# Database Discussions > MDX and Analysis Services >  Advise about design of a measure in OLAP

## antonbas

Hi Friends,
I need your advise about a performance problem that i'm having with a calculated member in a Cube.
I did a calculated member that show a Avg of set of values on throught time(Yearly, Monthly and Weekly), it did its calculates using another calculated member(this other calculated member calculated show AVG too pn thought rotation works hours ("Turnos") -well, AvG on AVG is a crap but that is the bussiness logic of my customer-).
My problem es when I try to visualize the data in teh cube this consume a lot of time in to show its values (the cause is the first calculated member taht I explain up). I think in some possibles solutions:
1. Put this calculated member as a measure in my fact table, but the problem is taht it is a Avg and then I would have that calculate all possible combianation of my dimension for the Avg.
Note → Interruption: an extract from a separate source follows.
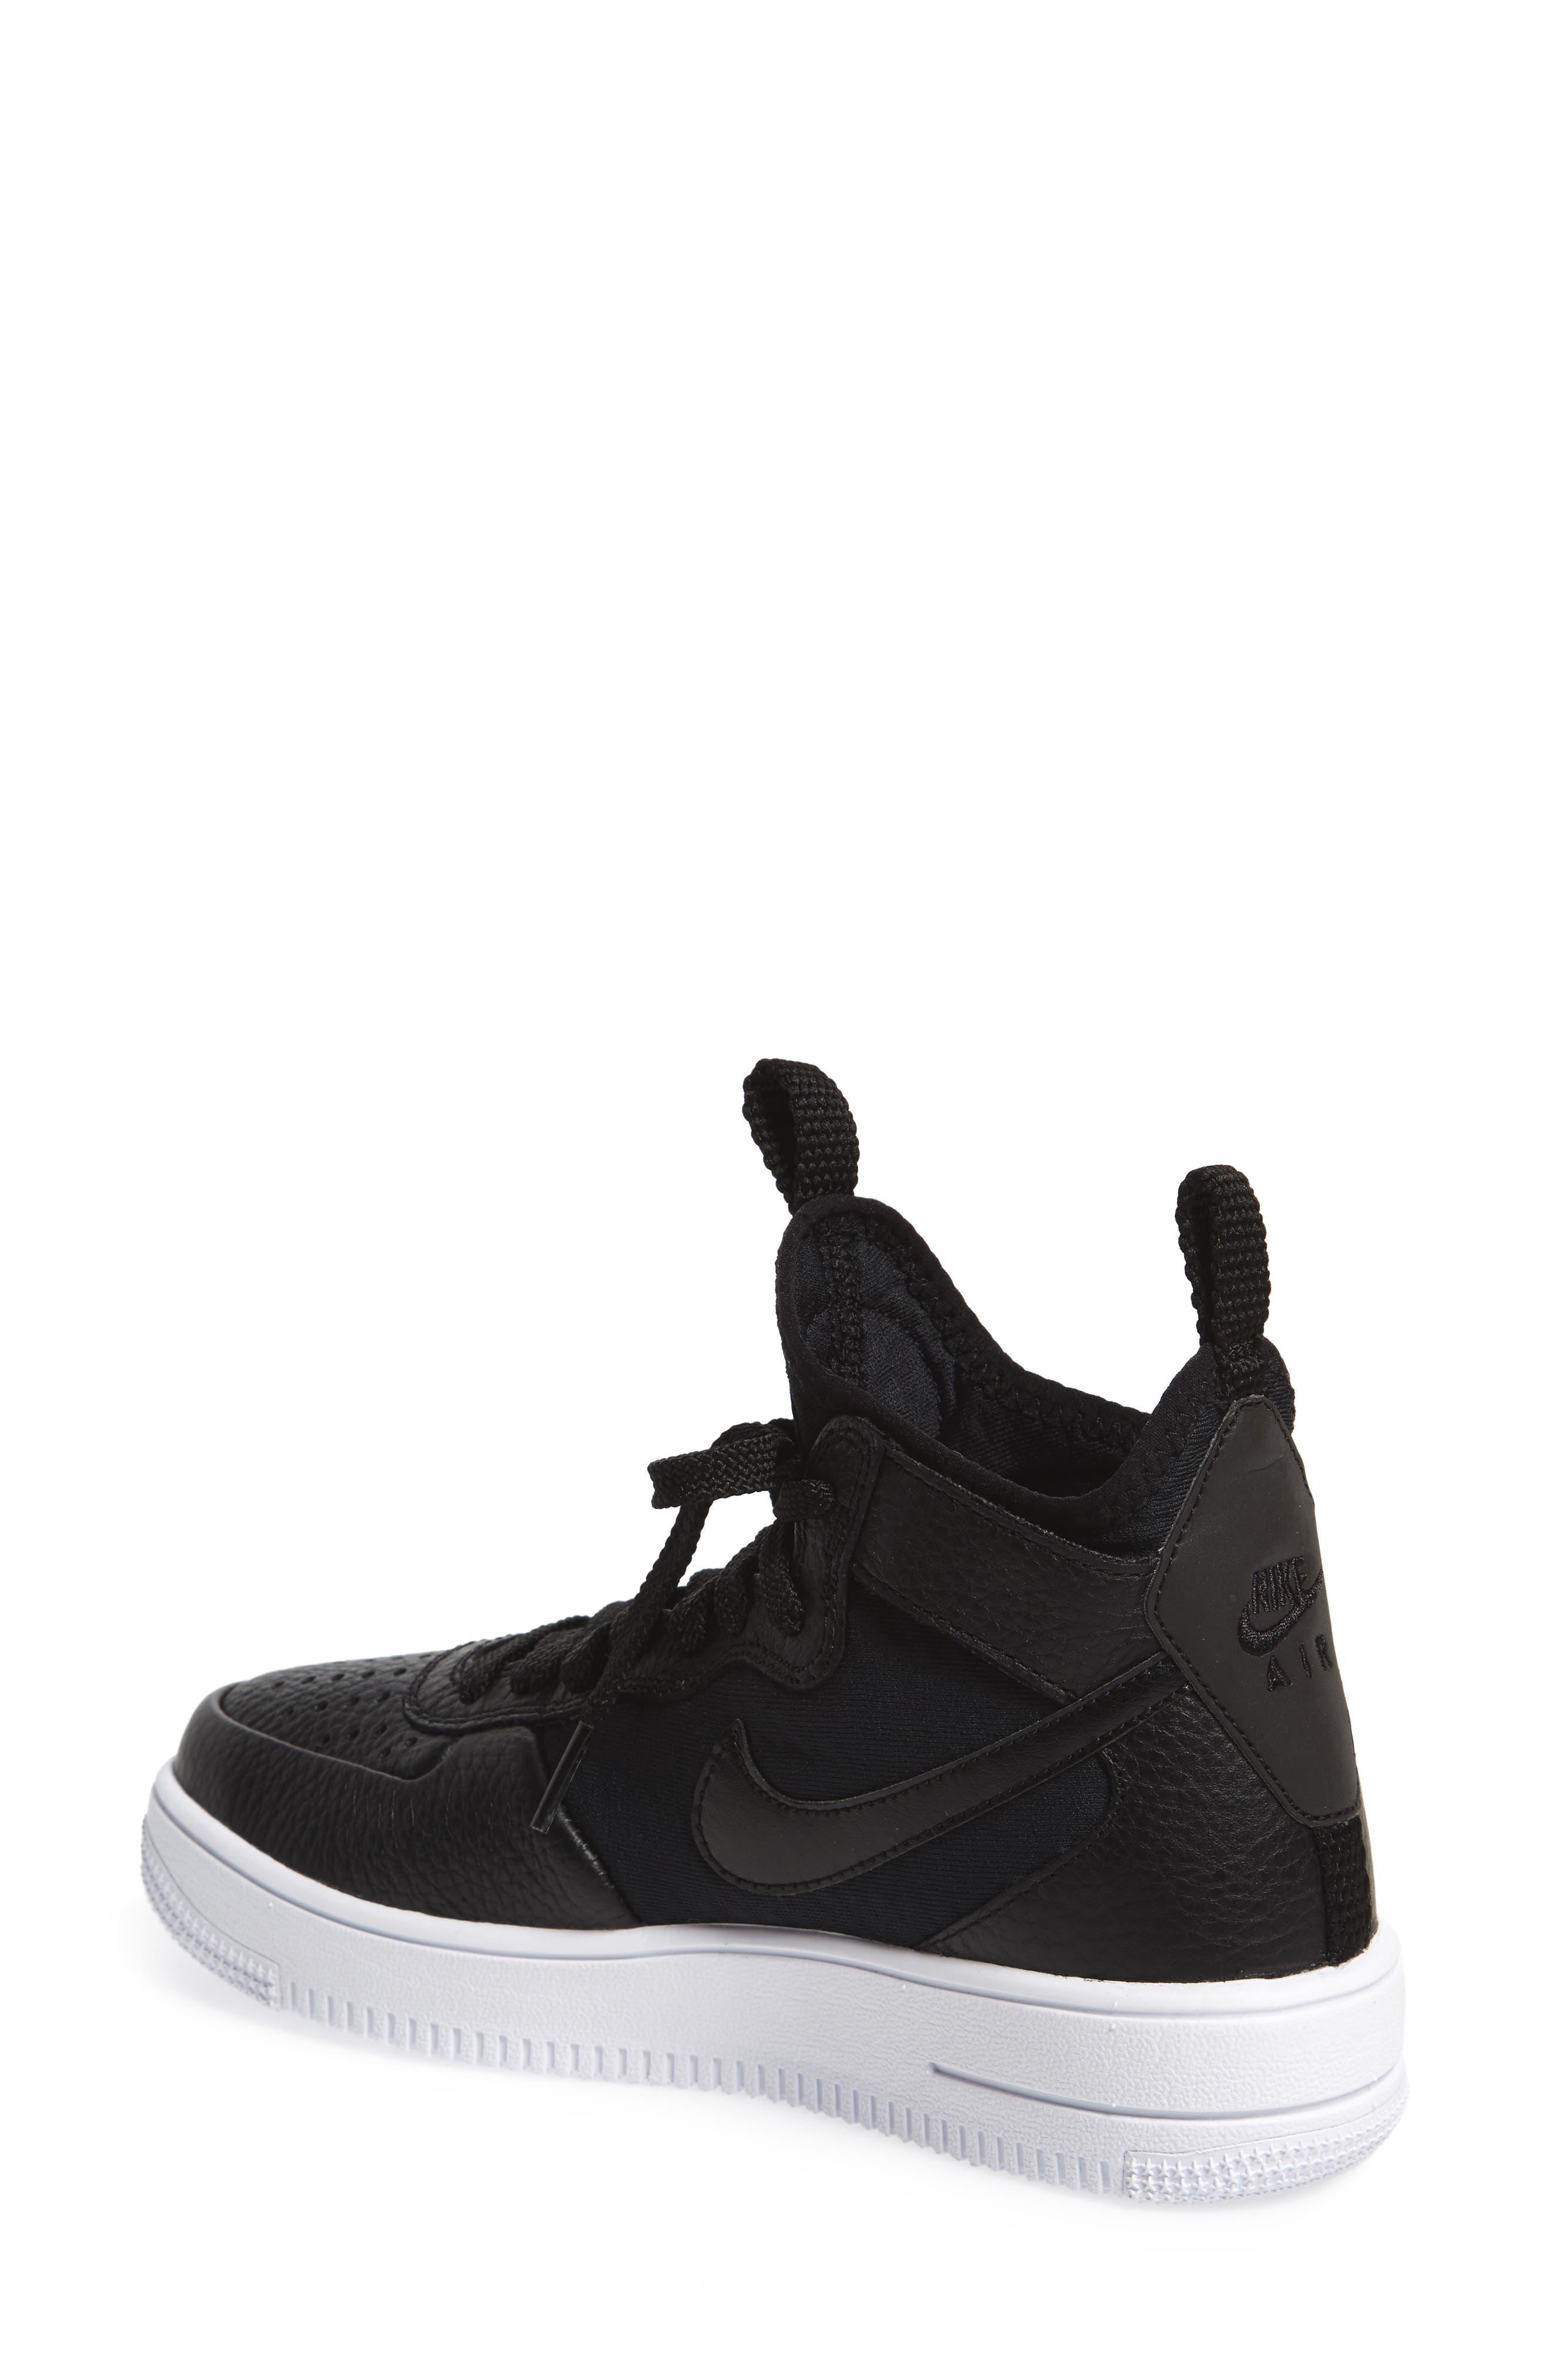 Air Force 1 Ultraforce Mid Sneaker,                             Alternate thumbnail 2, color,                             005

I'm usin 8 dimension.
2. I try to define my cube as ROLAP, my problem still persit, my measure is slow.
3. I try to define a derived measure but I can't 'cause if I use Avg(<colum of my fact table>) how my source colum fails the process of calc (the others columns in my fact no exist in a clause group by).
I'm open to read any suggestion about that. I know that is not enough information but star with that and if someone has any question I could put more data about my case.
Thxs in advance

----------